Intrinsic subtype stratified by the proliferation index. Tumors were given an 'intrinsic' subtype assignment based on the minimal 37-gene quantitative reverse-transcription-PCR classifier (Figure 1b). Patients were classified as having Luminal (estrogen receptor (ER)-positive) or HER2/Basal (ER-negative) subtypes. In order to have groups of similar size and because the subtypes largely follow ER status, tumors in the HER2 and Basal-like groups (both ER-negative) were combined. Continuous expression data for the proliferation meta-gene (log₂ average of the 14 selected markers) were used in a Cox regression model to determine the probability of relapse over time. Differences in relapse for low (green), medium (red), and high (blue) expression are shown as tertiles in the Kaplan-Meier plots. Stratification by proliferation added information for relapse in the Luminal subtype (P = 0.00039) but not the ER-negative subtypes (P = 0.74).

Figure 4

Stratification of five 'intrinsic' subtypes by the proliferation meta-gene. A large microarray breast cancer data set (337 samples × 16,000 genes) from women with early-stage disease was used to confirm the significance of the proliferation meta-gene to further risk-stratify the Luminal tumors. Tumors were classified as Basal, HER2+/ER-, Luminal A, Luminal B, and Normal-like. The microarray data for the proliferation meta-gene was then used in a Cox regression model to determine probability of relapse in women with the different tumor subtypes. Differences in relapse for low (green), medium (red), and high (blue) expression are shown as tertiles in the Kaplan-Meier plots. The Kaplan-Meier curves show that proliferation adds significant survival information, beyond that gleaned from the intrinsic subtype, only for patients with Luminal A tumors (P = 0.012).

Figure 5

Co-clustering of real-time quantitative reverse-transcription (qRT)-PCR and microarray data using 50 genes and 252 samples. The relative copy number (qRT-PCR) and R/G ratio (microarray) for each gene was log₂-transformed and combined into a single dataset using distance-weighted discrimination. Two-way hierarchical clustering was performed on the combined dataset using Spearman correlation and average linkage. (a) The sample-associated dendrogram shows the same classes as seen in Figure 1. Samples are classified as Basal-like (red), HER2+/ER- (pink), Luminal (blue), and Normal-like (green).
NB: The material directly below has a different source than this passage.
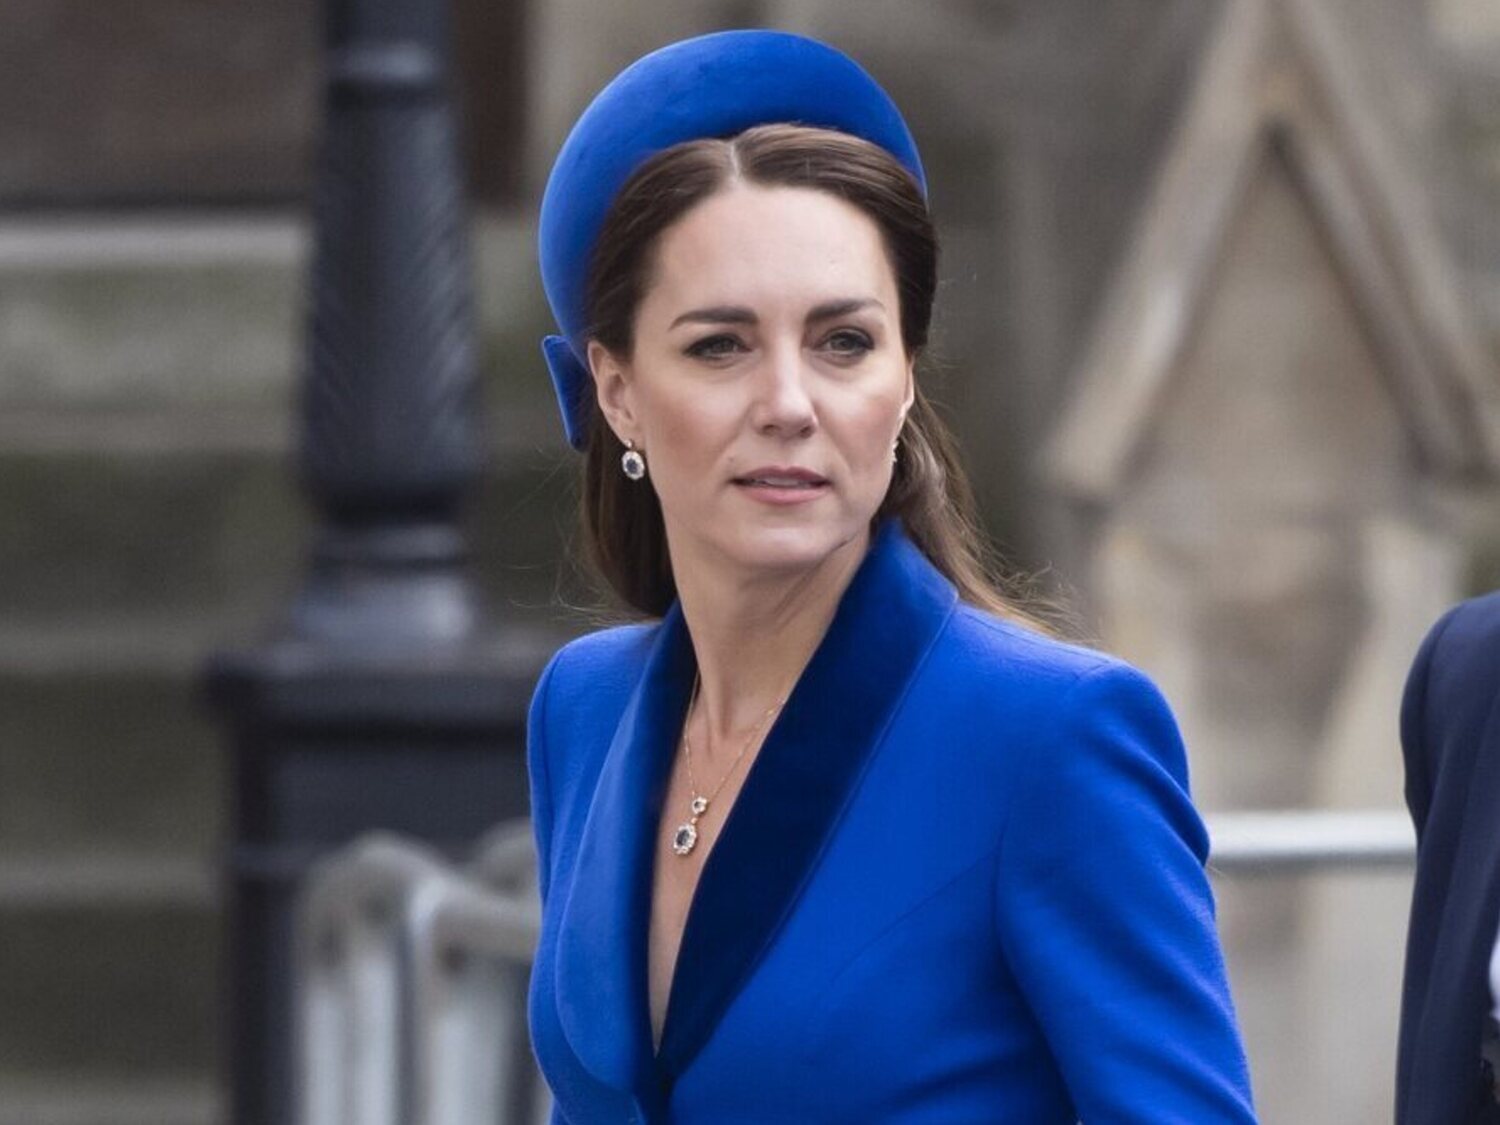 Preocupación por la salud Kate Middleton tras su operación: "Su evolución no está siendo la esperada"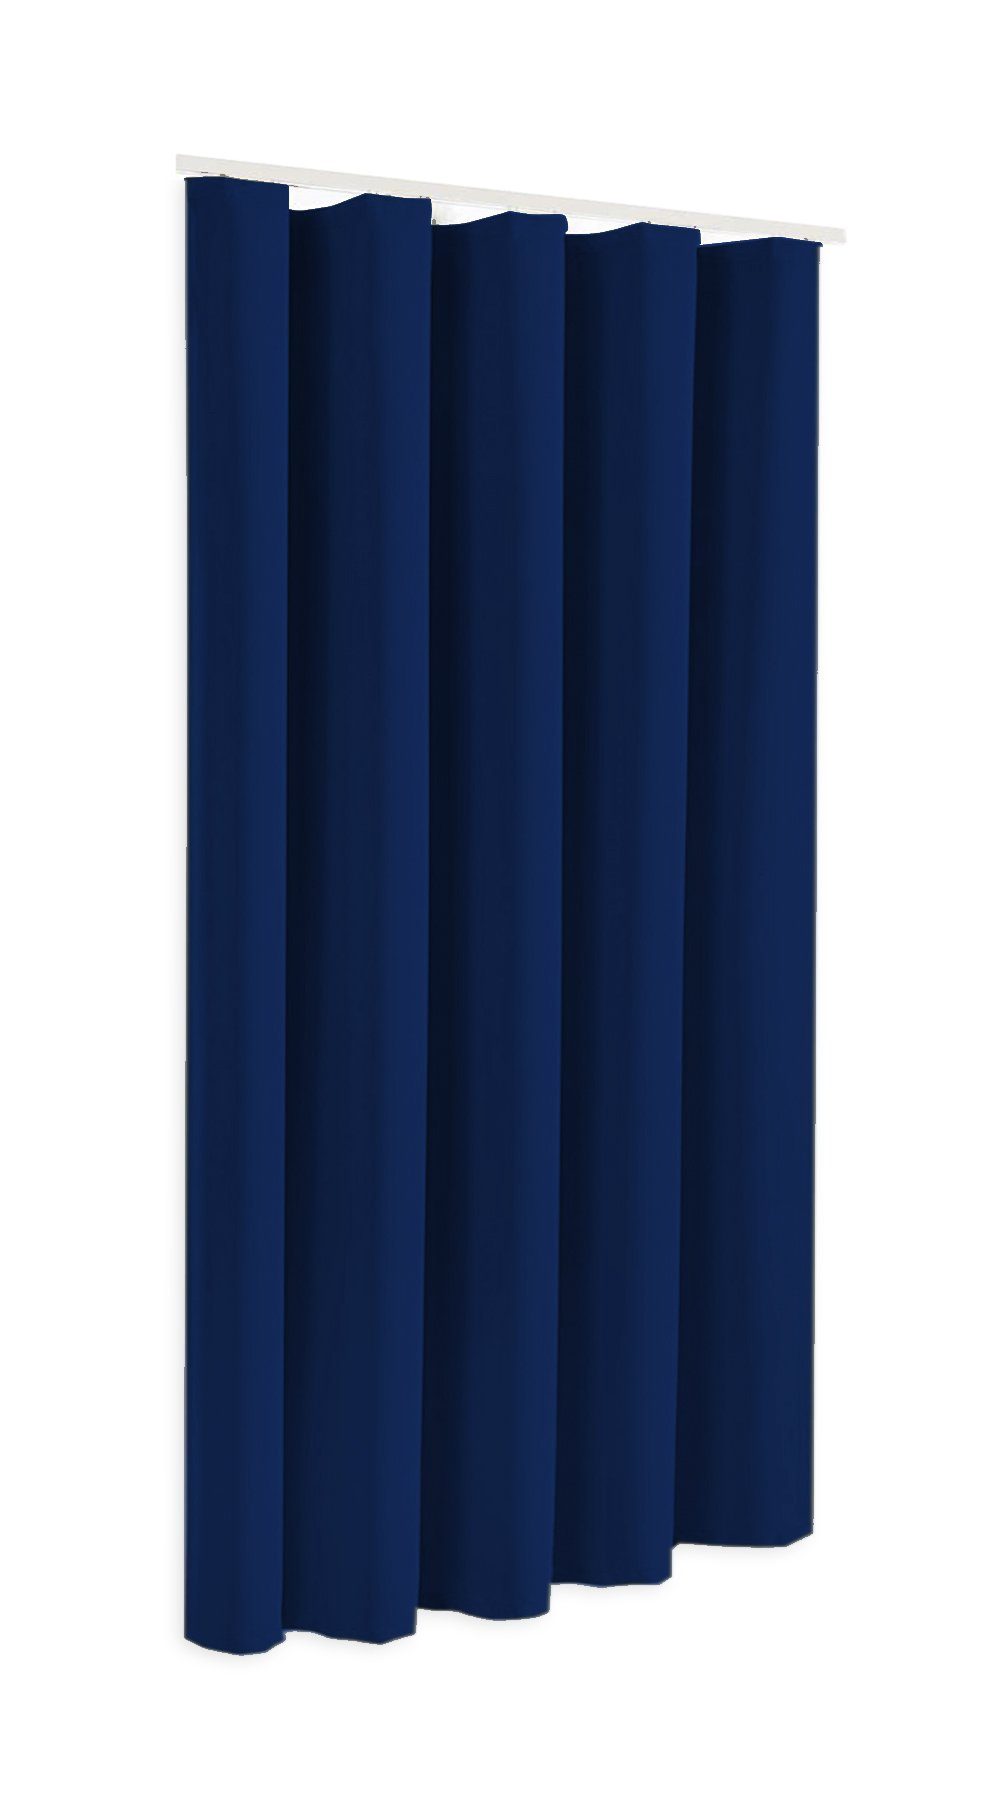 Sopran, in Verdunkelungsschal oder 175cm Blackout Höhe Thermovorhang, Modell blickdicht, 245cm, Clever-Kauf-24 Verdunkelungsvorhang blau

The expression level for each gene is shown relative to the median expression of that gene across all the samples, with overexpressed genes in red and underexpressed genes in green. Genes with average expression are black. (b) The gene-associated dendrogram shows that the Luminal tumors and Basal-like tumors differentially express estrogen-associated genes (cluster 1); as well as basal keratins (KRT 5 and KRT 17), inflammatory response genes (CX3CL1 and SLPI), and genes in the Wnt pathway (FZD7) (cluster 3). The main distinguishers of the HER2+/ER- group are low expression of genes in cluster 1 and high expression of genes on the 17q12 amplicon (ERBB2 and GRB7) (cluster 4). The proliferation genes (cluster 2) have high expression in the estrogen receptor (ER)-negative tumors (Basal-like and HER2+/ER-) and low expression in ER-positive (Luminal) and Normal-like samples.